-------- Information provided --------
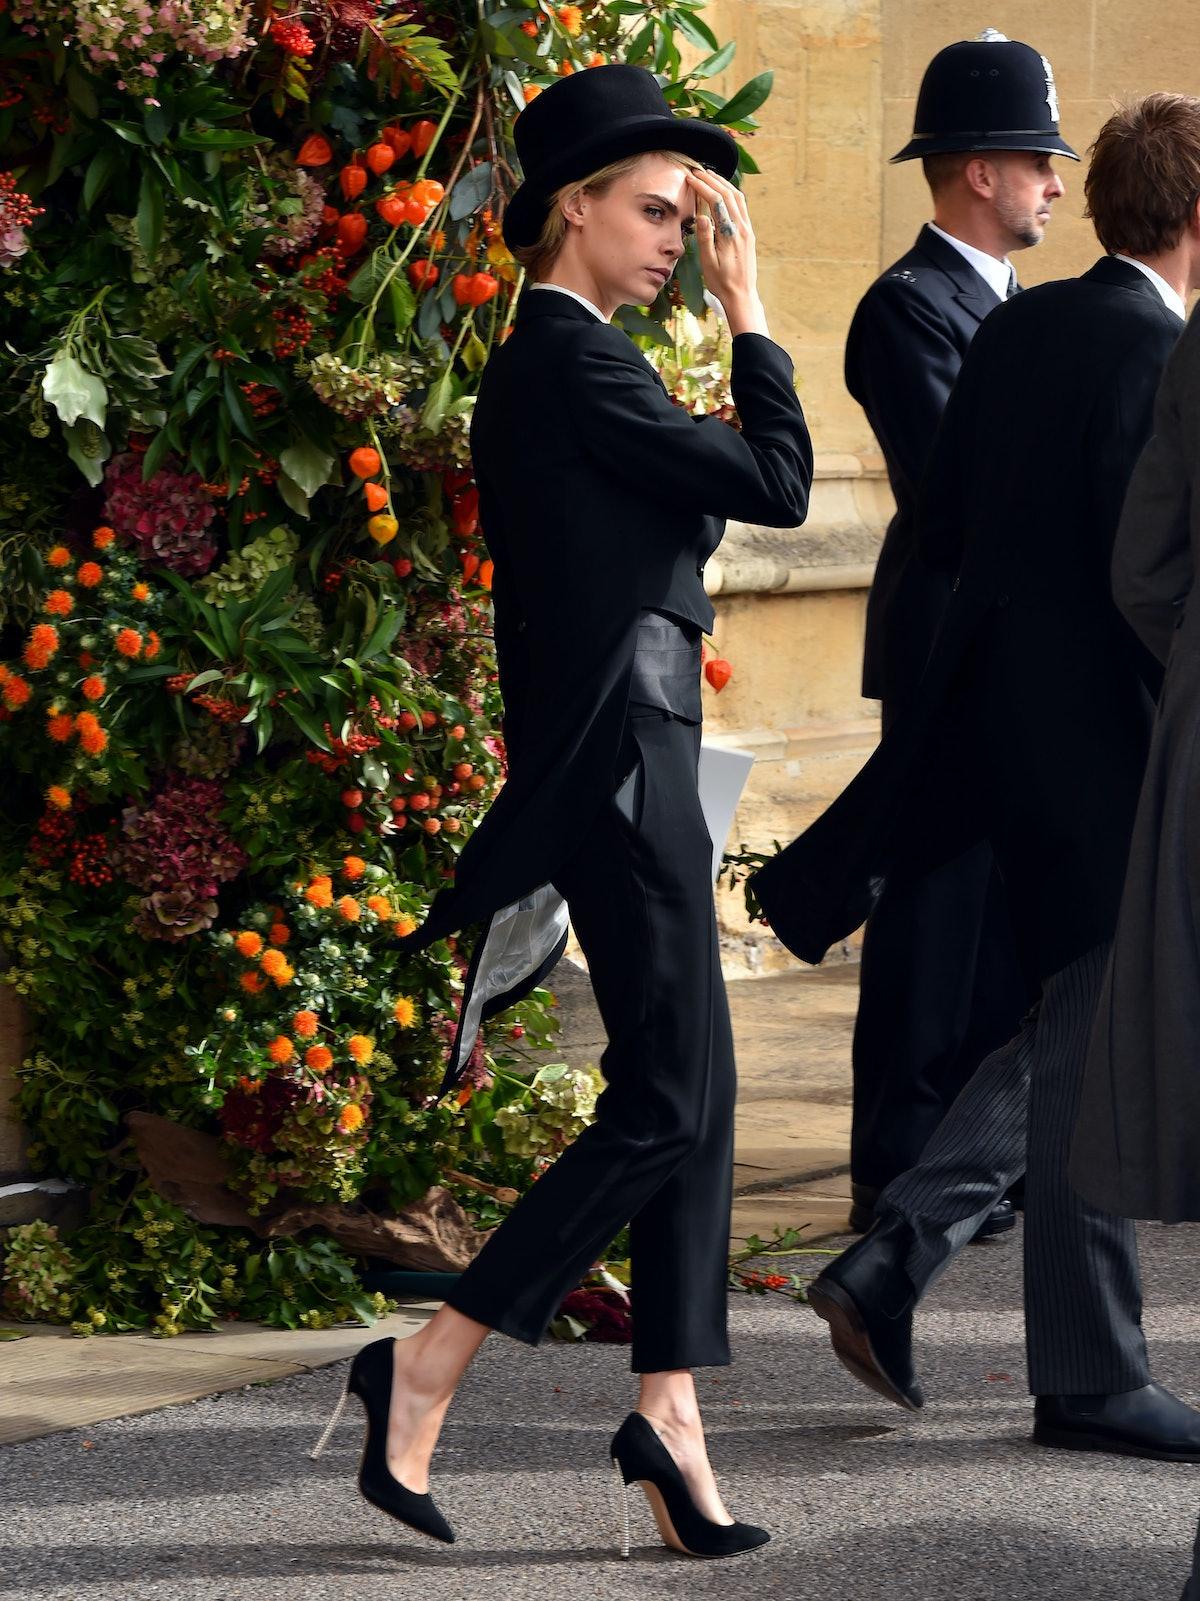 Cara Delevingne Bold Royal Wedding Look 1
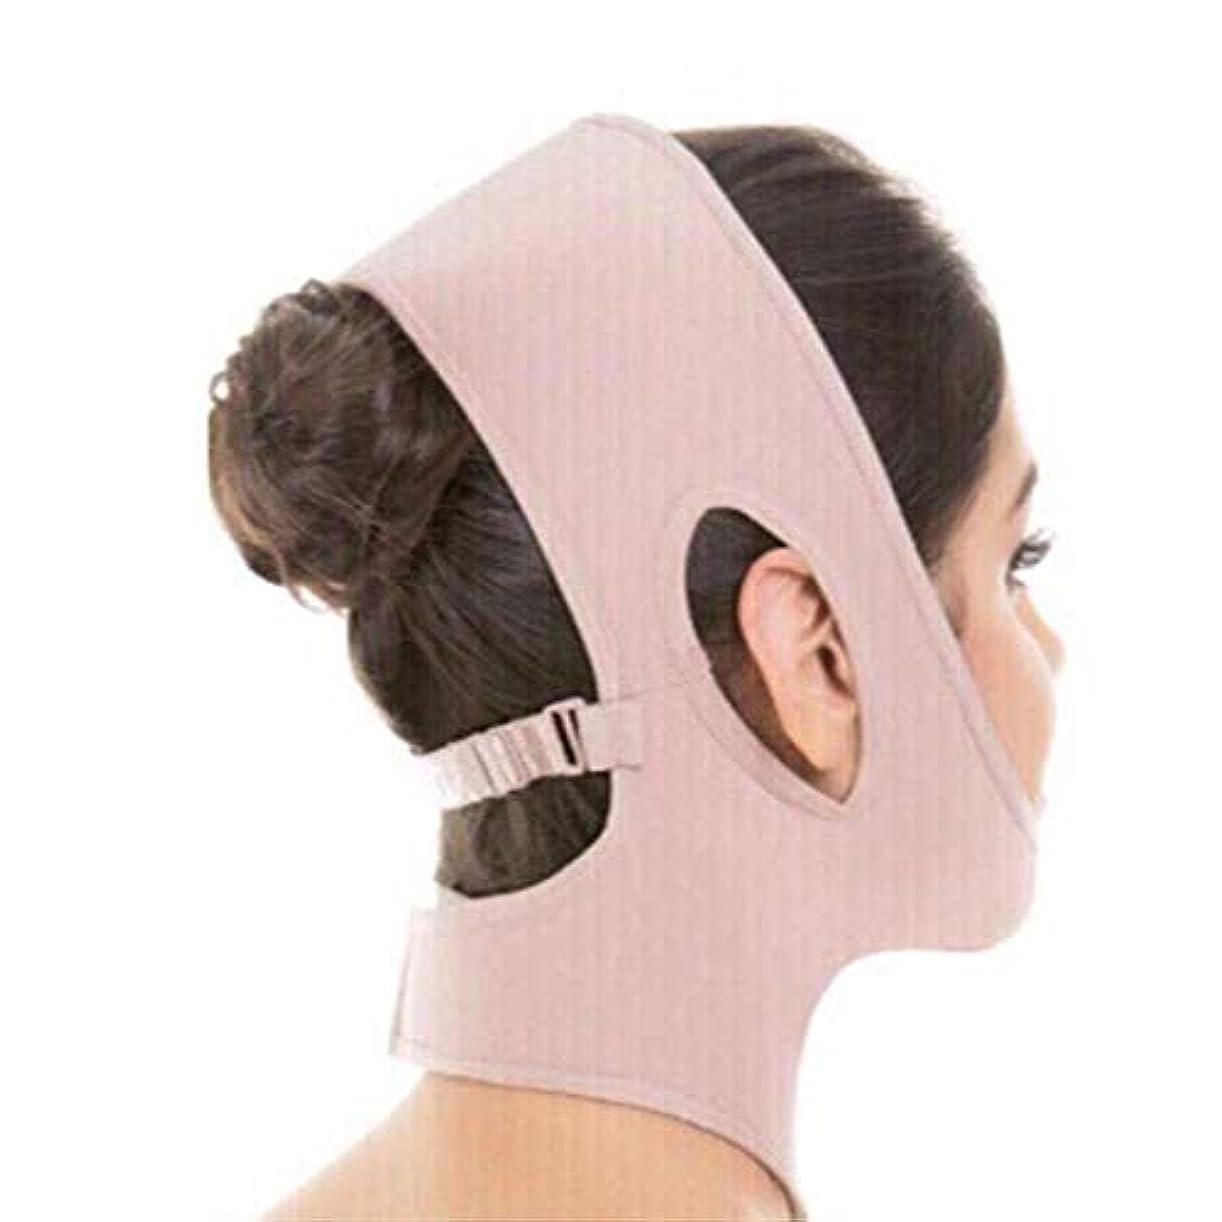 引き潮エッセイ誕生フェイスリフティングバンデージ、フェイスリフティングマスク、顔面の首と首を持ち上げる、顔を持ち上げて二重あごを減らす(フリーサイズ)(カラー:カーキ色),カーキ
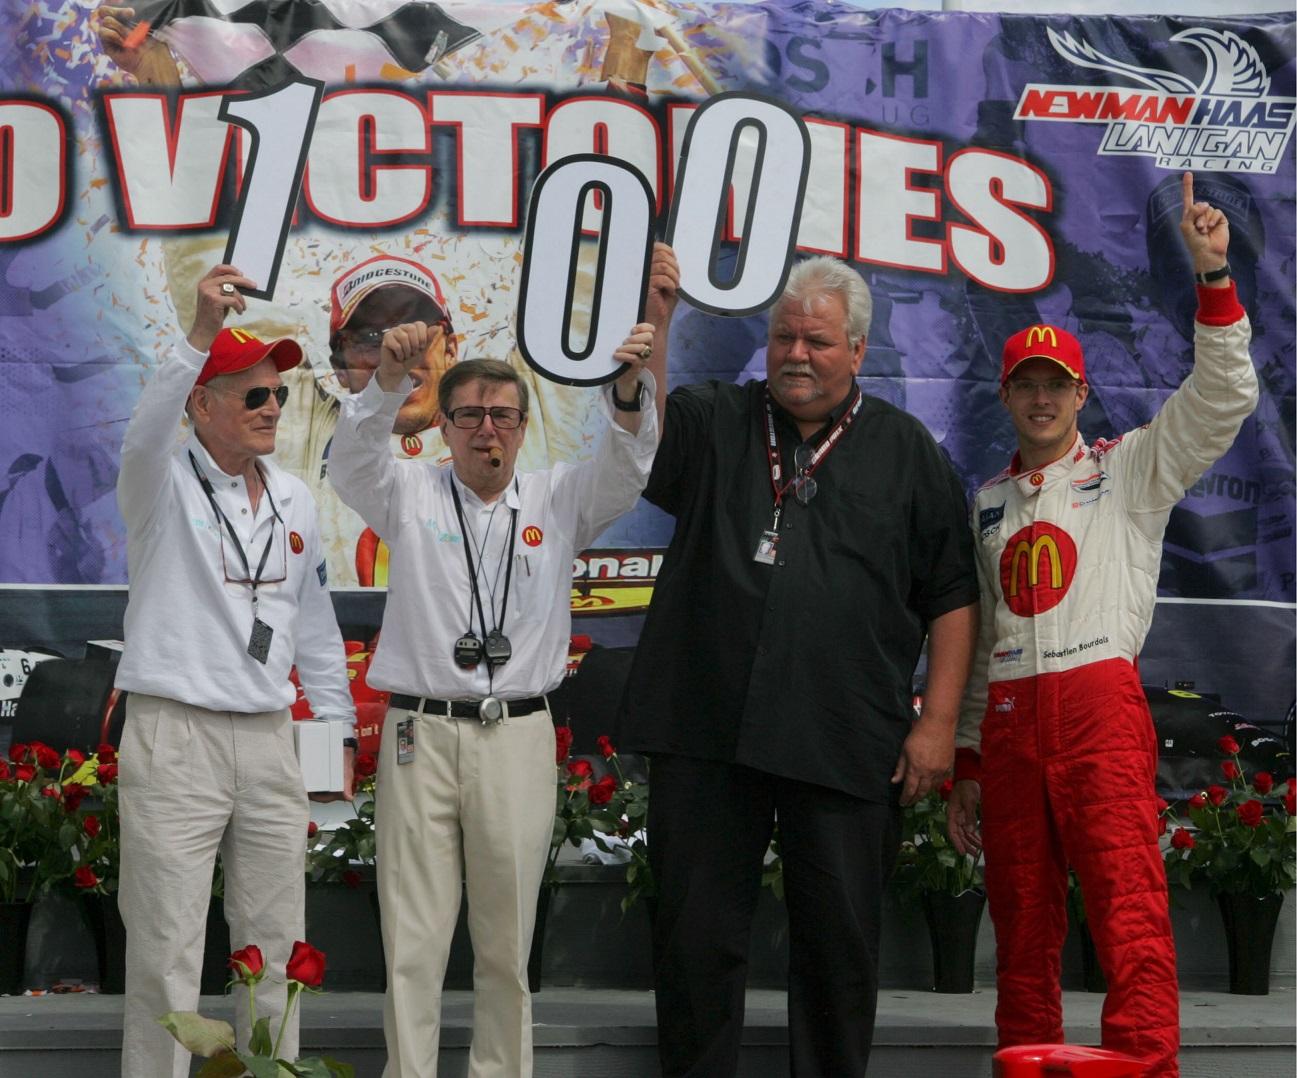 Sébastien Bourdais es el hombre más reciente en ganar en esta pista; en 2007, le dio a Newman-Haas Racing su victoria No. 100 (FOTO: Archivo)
--------
_What the exercise asks_:
Every line from the line containing "引き潮エッセイ誕生フェイスリ" through the last line above is to be printed exactly. Pictures are not copied.

_Completed exercise_:
 引き潮エッセイ誕生フェイスリフティングバンデージ、フェイスリフティングマスク、顔面の首と首を持ち上げる、顔を持ち上げて二重あごを減らす(フリーサイズ)(カラー:カーキ色),カーキ
 Sébastien Bourdais es el hombre más reciente en ganar en esta pista; en 2007, le dio a Newman-Haas Racing su victoria No. 100 (FOTO: Archivo)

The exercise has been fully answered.